Many people who actually work with JSON don’t think in terms of data items, but in terms of members (entries of a map, i.e. key/value pairs).  Because JSON values are data items and members cannot exist outside a map, this creates a need to wrap those members into maps, and to unwrap them again what talking about them as members.

See https://ietf-wg-asdf.github.io/SDF/sdf.html#name-sdfchoice for an example how that thinking looks like in practice (yes, I wrote that, fully cognizant of the dissonance).

But that prevalent thinking does not have to be reflected here, and I’m proposing a change in the PR.
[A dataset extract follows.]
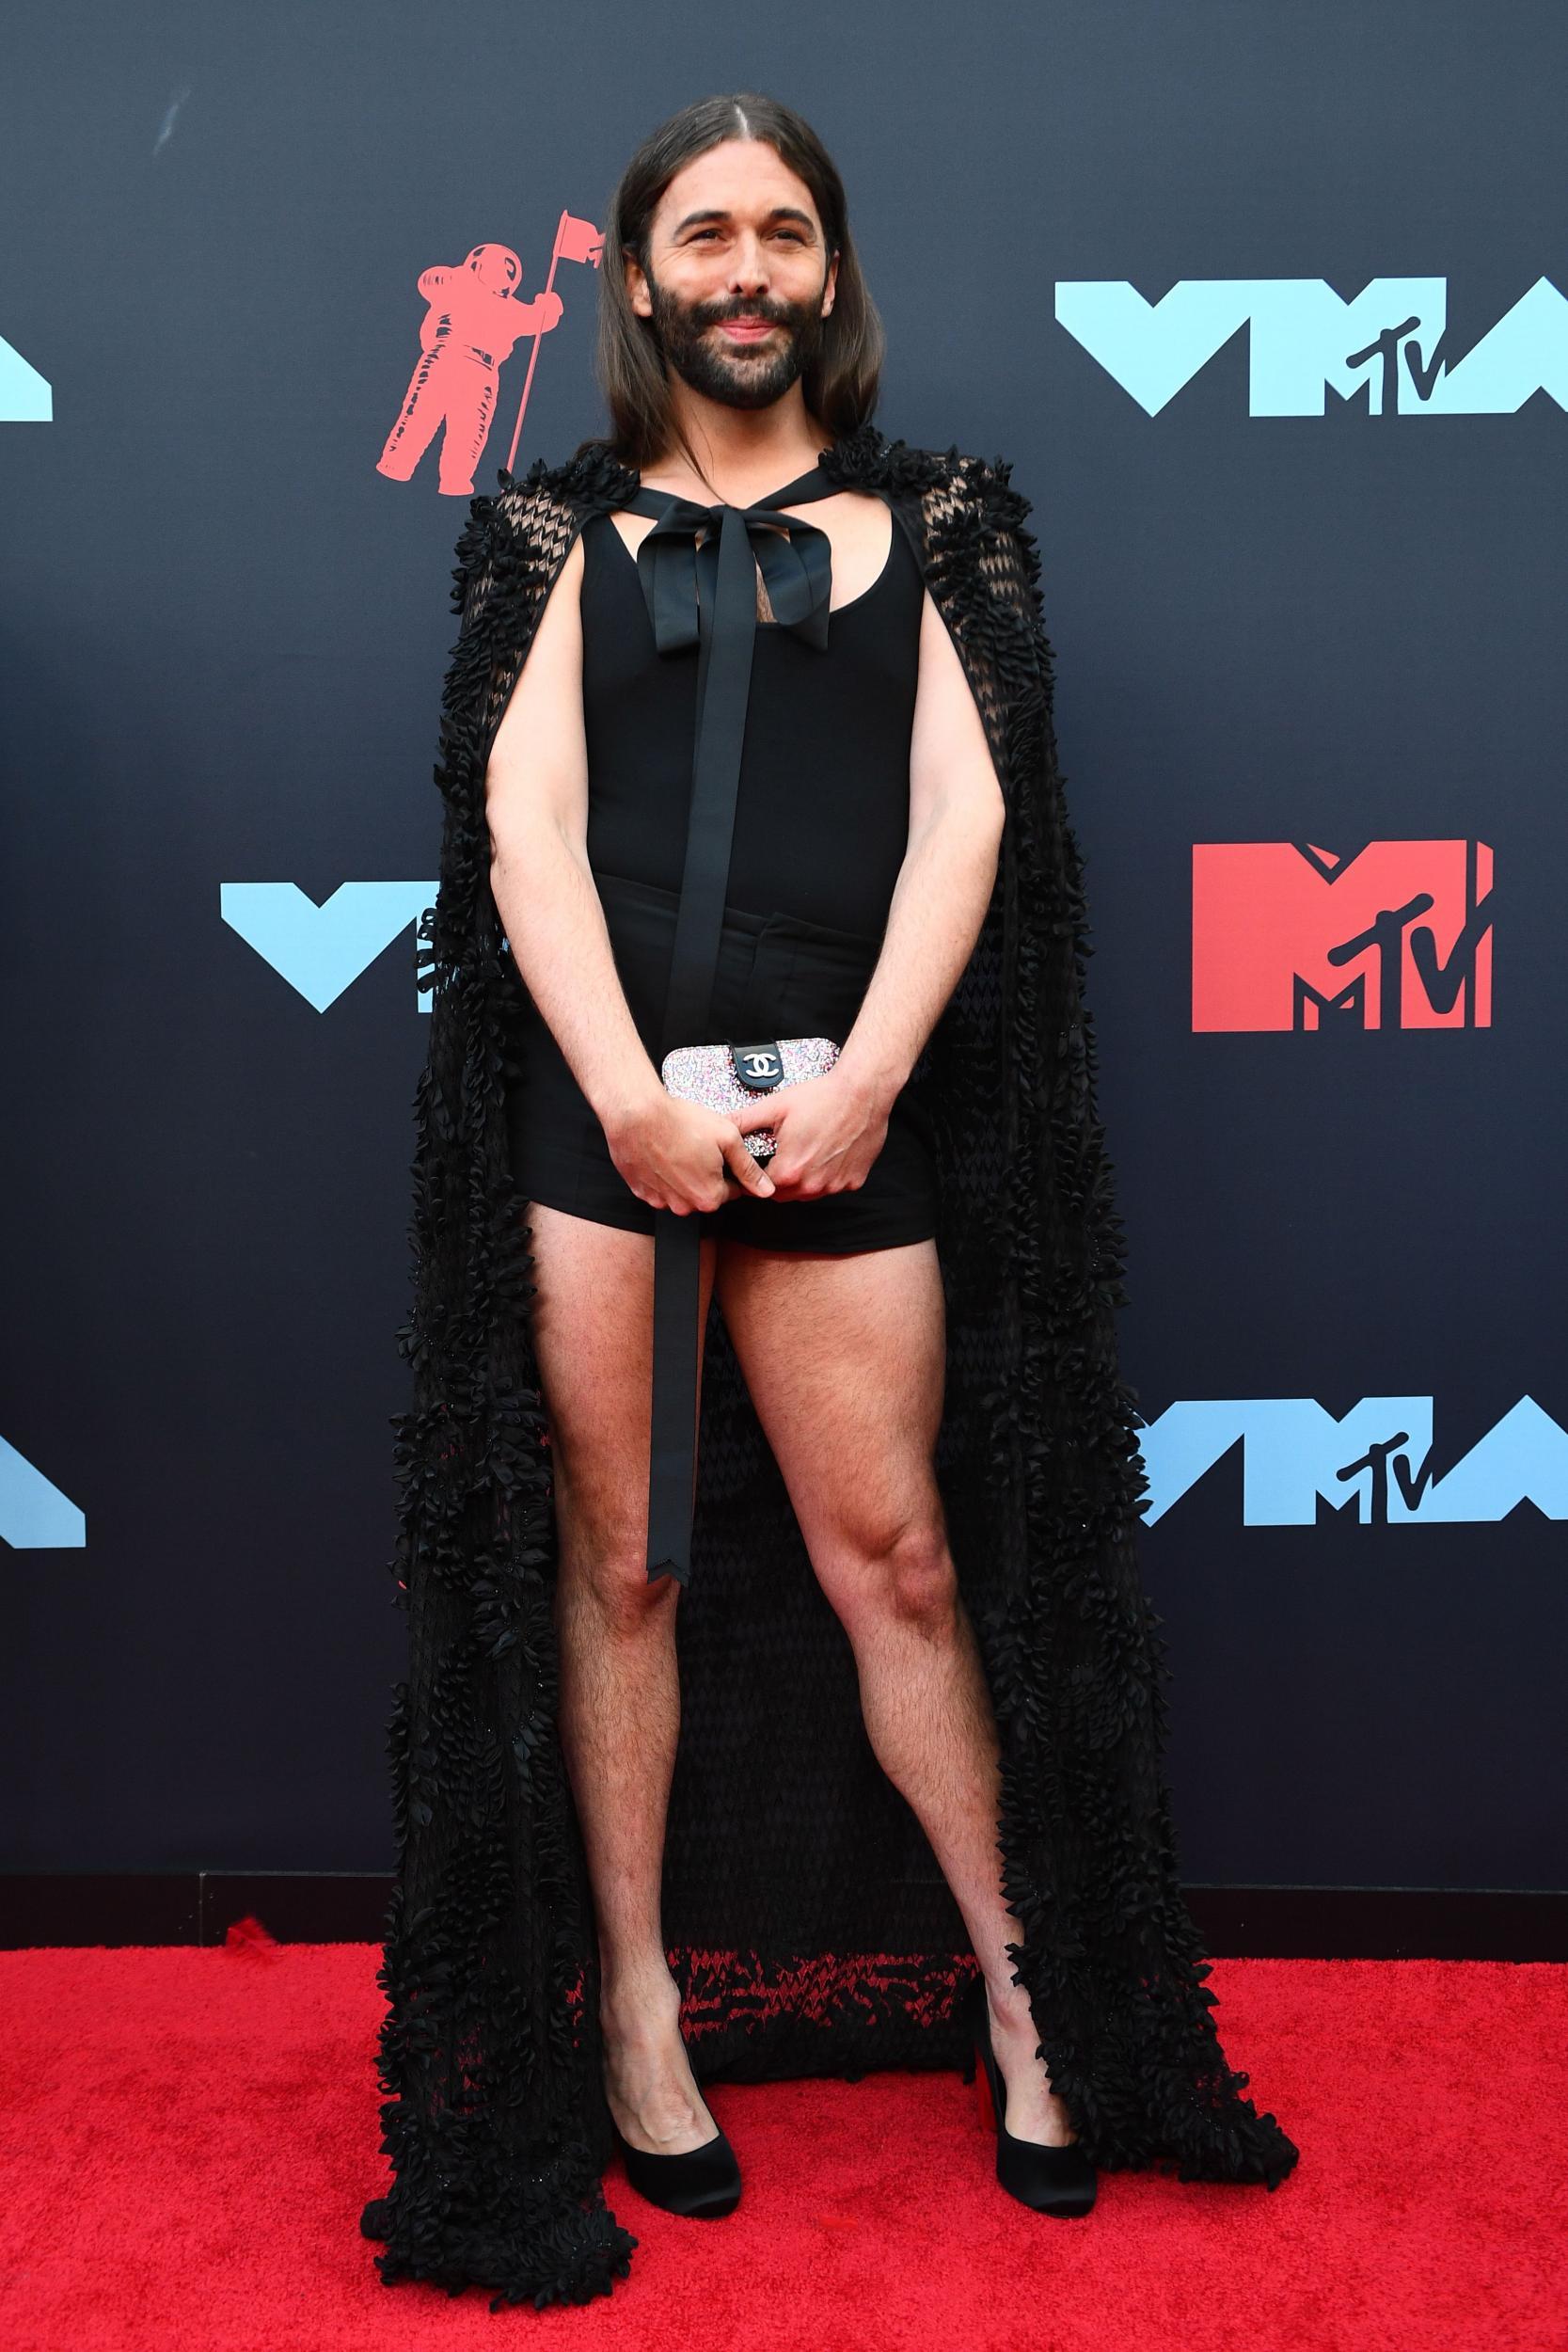 VMAs host Sebastian Maniscalco under fire for joking about

> Three.  "Where a JSONPath processor uses JSONPath expressions as
> output paths, these will always be converted to the more general
> bracket-notation."

Fixed in PR.

> For output paths, Goessner uses the term "normalized path
> expressions", which should be unambiguously defined. For uniqueness,
> in addition to avoiding dot-notation, there would need to be other
> restrictions, including avoiding the descendant operator .., and
> filters.
> 
> Four. "The symbol @ is used for the current object."

Fixed in PR.

> Only if you interpret "object" to mean _any_ JSON value. In the
> example above this sentence,
> 
> $.store.book[(@.length-1)].title
> 
> the symbol @ refers to a JSON array, with a JavaScript like property "length".
> 
> That arrays must support a JavaScript like property length is not
> explicitly stated in the draft, but is implied in two examples. This
> should be clarified. Not all implementations do, for example,
> implementations that support functions that can be invoked at the tail
> end of a path typically support a function call length() instead.

Defining .length is part of the outstanding work on the expression language.

> I also think the @ notation could be better explained, this particular
> reader struggled to understand what was meant by "current object" in
> original Goessner, and had to figure it out from examples.

Please send text.

Grüße, Carsten